Cracky, you should have heard those fellows laugh.

“Well, whatever it is,” said Artie, “it’s lucky for me that you tied it just under the cabin window, because I fell into it—I fell in good and hard.”

“I think you fell in soft,” I said; “it shows how thoughtful I am. A scout is foresighted——”

“You make me sick!” Pee-wee shouted.

“Tell Doc Carson to give you some medicine,” I answered.

Laugh! Because, you see, we were all feeling so good about Artie being saved that we’d laugh at nothing, like a lot of girls. But girls are all right, I have to admit that.

Let’s see, where was I? Oh, yes, I was telling you about Artie. You see when I first arrived with that canoe I tied it just under the cabin window and then scrambled up through the window. So there it was all the time. Lucky thing, too. Only the funny thing was we never missed it—we were punk scouts, that’s sure.

Then Artie told us how it was. “After the smoke got so thick that I was dizzy and couldn’t see, I got scared and groped around for Wig. I couldn’t find him anywhere and he didn’t answer. I didn’t know whether all of the signal had been sent or not, but anyway I knew I couldn’t stand it in there any longer. I thought Wig must have climbed out of the window. So I decided I would do the same thing. Oh, but didn’t I have some job finding it! I lay down flat, I knew enough to do that anyway, and then I crawled around with one hand up feeling for the window sill. When I found it I was so dizzy I just hung to it and I thought I was a goner sure.”

“I know how you felt,” I said, “because I was in the same trouble myself.”

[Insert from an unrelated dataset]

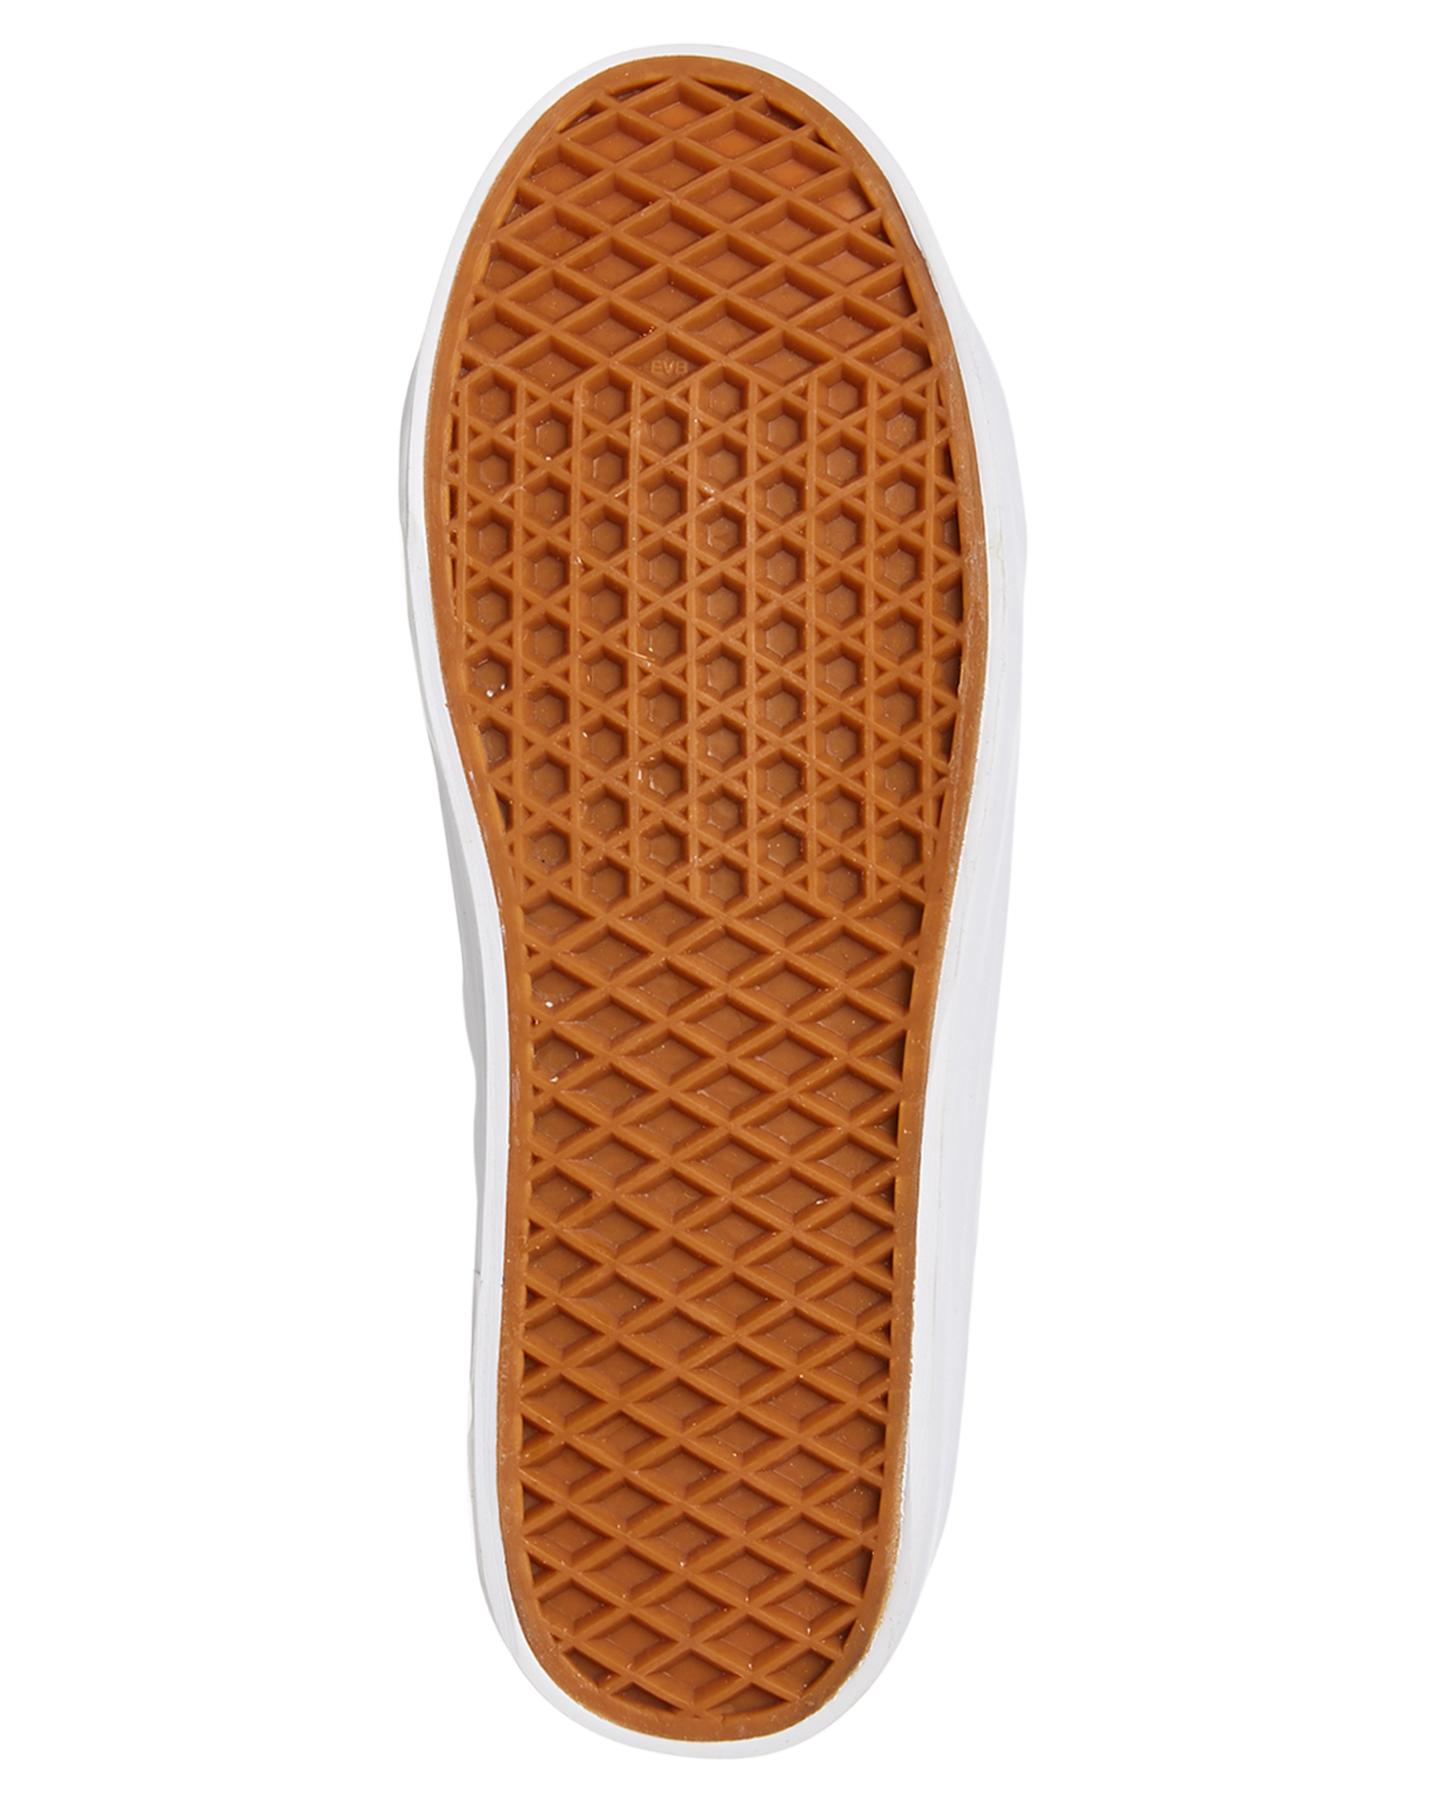 New-Human-Footwear-Women-039-s-Womens-Cass-Shoe-Rubber thumbnail 7

Then he said how he dragged himself up to the window sill and tried to shout, but couldn’t. Then he fell across it and kind of wriggled out. He didn’t have his senses, but he knew enough to know that there was a narrow part of the deck, just a passageway sort of, outside, and he thought he’d fall on that. But it was lucky he didn’t. He fell past it right into the water and that brought him to his senses, kind of. So he sputtered and groped around till he happened to clutch the Indian dugout and it rolled over with him and the anchor that we had laid in it with a rope to hold it fast to the houseboat, the anchor rolled out, and the first thing he knew he was drifting up the river, hanging onto the dugout for dear life.